What happened on December 10: What do Emily Dickinson and Marie Curie have in common?

From an enigmatic poet to the lady who gave us light in the dark. Also, the Nobel Committee in 1902 almost got itself cancelled for this massive oversight
Pic: Edexlive
Pic: Edexlive

Because I could not stop for Death –
He kindly stopped for me –
The Carriage held but just Ourselves –
And Immortality.

-Because I Could Not Stop For Death,
Emily Dickinson


Emily Dickinson was an enigma. In her lifetime, only about 10 of the over 1800 poems she wrote were published. Born in Massachusets, USA, she was a recluse, and a prolific writer whose verses often transgressed the usual boundaries and rules of language and existed in the realm of lyrical magic. She is acknowledged as one of the defining poets of the 19th century along with Walt Whitman. She had forsaken the existing rules of poetry writing and instead created her own unique hymn-like verses that gave rise to emotion and mystique in equal parts.

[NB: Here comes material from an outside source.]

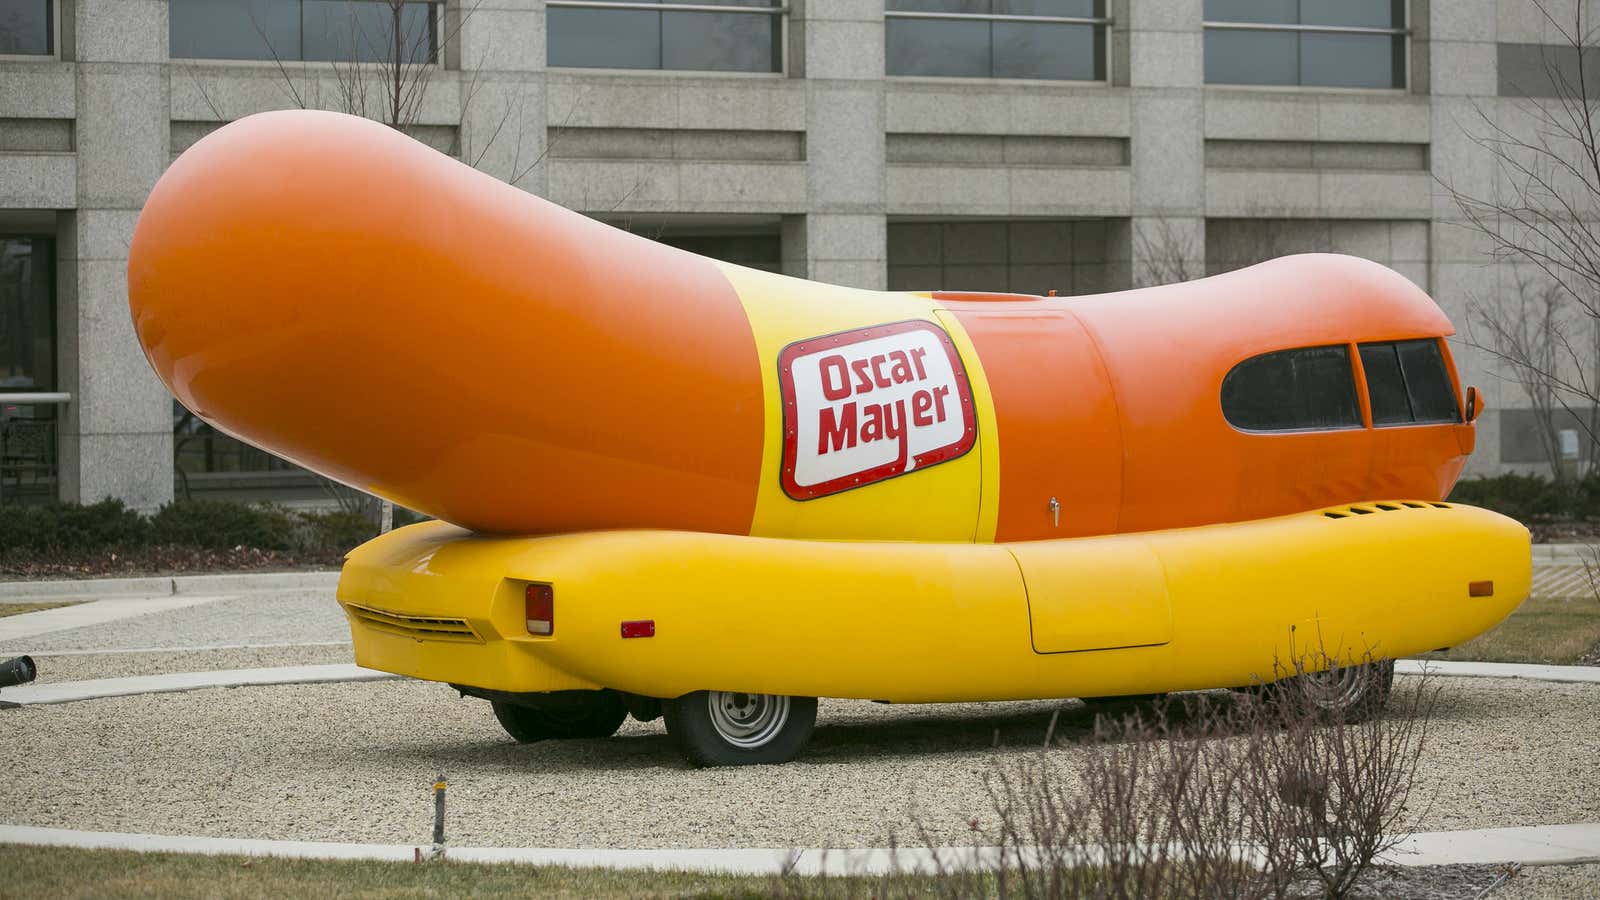 Is the Weinermobile headed for Brazil?

She was born in the year 1830 on this date, and though she is now known to the world as a prolific poet, she excelled at Latin and Sciences as well as a schoolgirl. In fact, so deep was her love for botany that she created a herbarium all on her own, and recognised the number of plants she assembled there by their Latin names. However, the strict rules of formal education were too constricting for her.


When the Nobel Committee was anything but woke

Physicist Marie Curie was the first woman to win the Nobel Prize on this day in 1903. She was awarded the honour in Physics for her research in radioactivity along with her husband Pierre Curie and Henri Becquerel. However, this was 1903, and recognition in a male-dominated field did not come easy for Marie. In 1902 when nominations for the first Nobel awards were being put in place, the committee had left Marie out of contention and had cited only Pierre and Becquerel for research on radioactivity. It was only after an intervention by a member of the committee, and Pierre that Marie could get what was rightfully hers. To date, Marie remains the only woman to have been awarded a Nobel Prize twice. She won her second Nobel in 1911 posthumously for the discovery of Radium. This time, alone.